Ivica Mlivončić (1931 – 1 April 2013) was a Croatian author and columnist in Slobodna Dalmacija from Split. Born in Vareš, he graduated at the Faculty of Theology in Ljubljana, then at the Faculty of Political Sciences in Belgrade and the Faculty of Philosophy in Zadar. Mlivončić published several books dealing with religion, the Croatian War of Independence and the Croat–Bosniak War, most notably "The Crime with the Seal" in 1998 about war crimes against Croats, which was included in the Court records of the International Criminal Tribunal for the former Yugoslavia (ICTY). He was a defense witness at the ICTY in the case against Tihomir Blaškić in 1998. He died on 1 April 2013.

==Publications==
- Crkva u Latinskoj Americi, 1988.
- Pape i Hrvati, 1993.
- Kraljeva Sutjeska i Vareš : povijesne crtice (urednik izdanja), 1996.

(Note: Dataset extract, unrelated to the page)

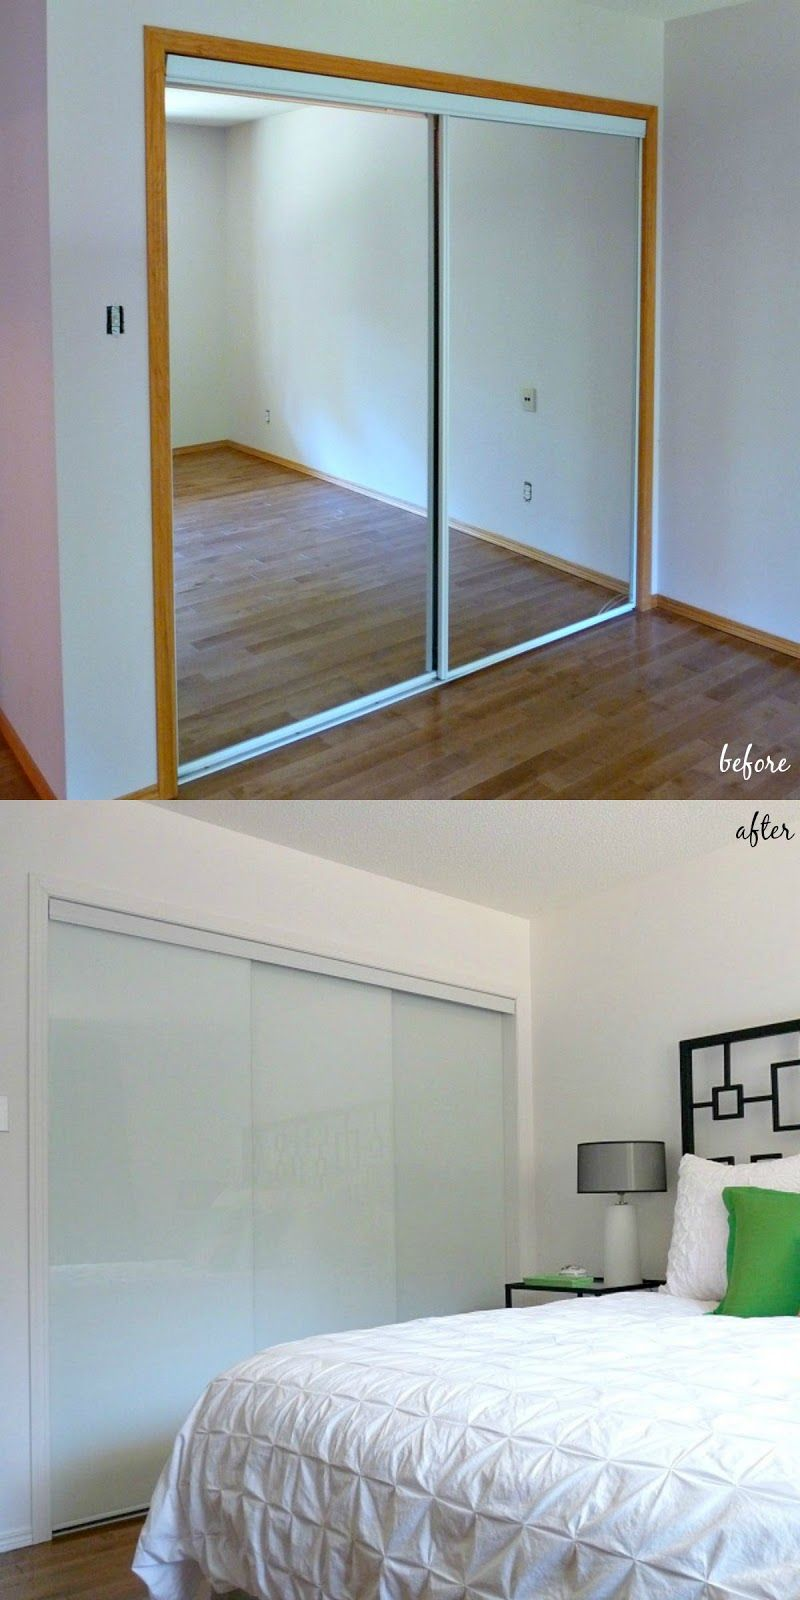 Interior sliding closet door - New White Glass Sliding Closet Doors In The Bedroom
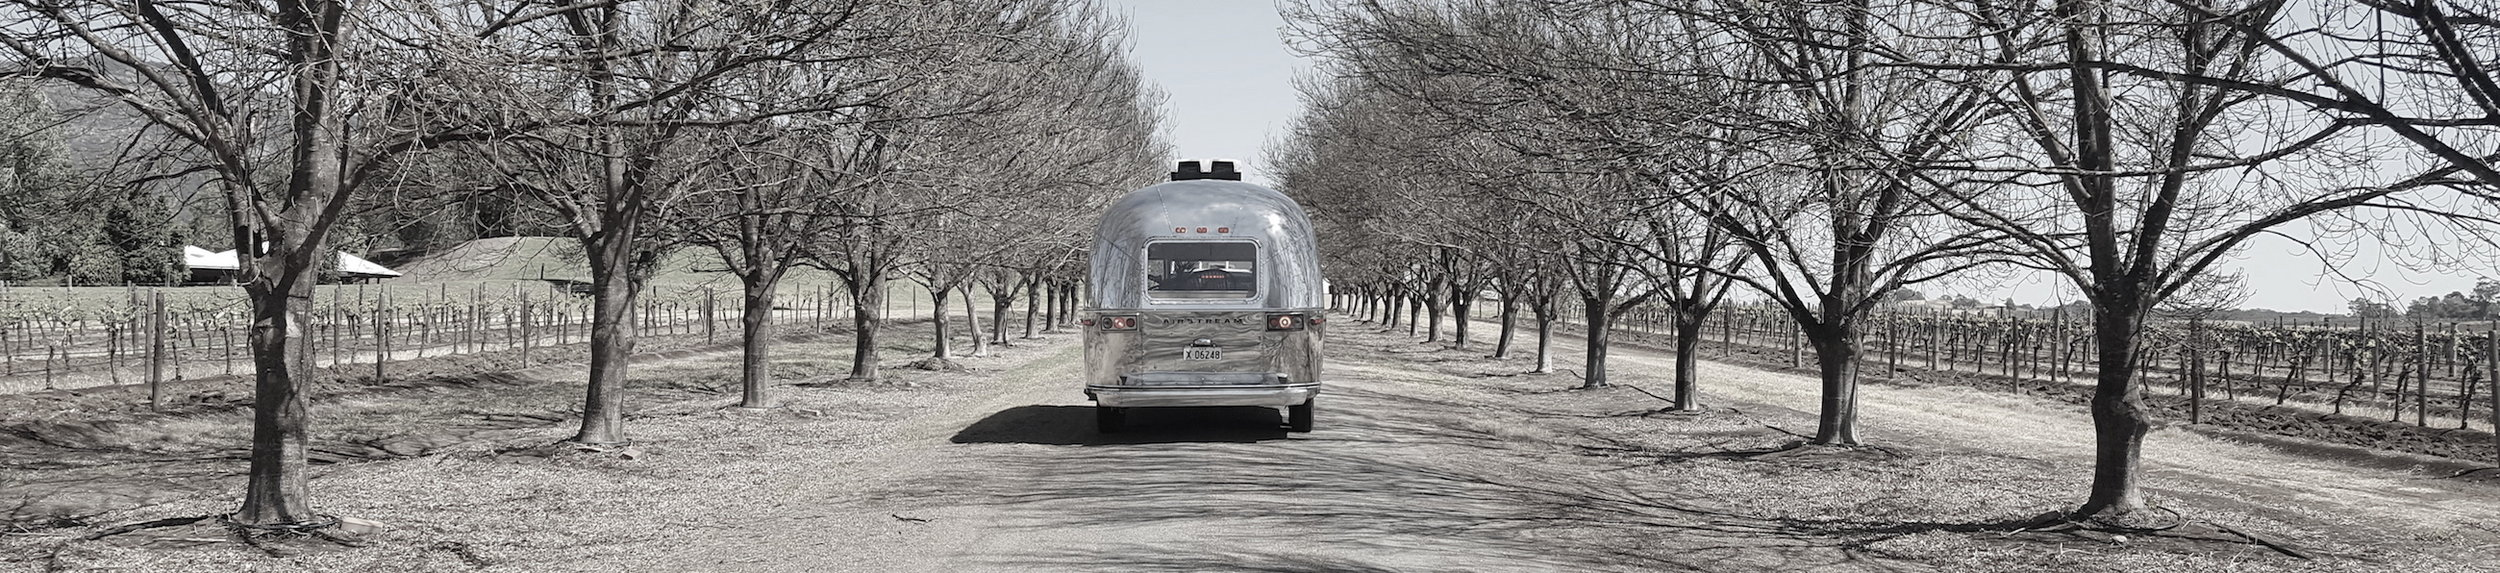 TAS_exterior_scaraborough driveway_wideshot_rear_l_sml_b-w.jpg

- Zločin s pečatom : genocid i ratni zločini muslimansko-bošnjačkih snaga nad Hrvatima BiH 1992. - 1994. , 1998. (2. proš. izd. 2001., 3. izd. 2004.)
- Al Qaida se kalila u Bosni i Hercegovini: mjesto i uloga mudžahida u Republici Hrvatskoj i Bosni i Hercegovini od 1991. do 2005. godine, 2007.
- Muslimanski logori za Hrvate: u vrijeme rata u Bosni i Hercegovini 1991.-1995. godine, 2008.
- Vareš od početaka do rata i poraća 1991-2000 , 2011.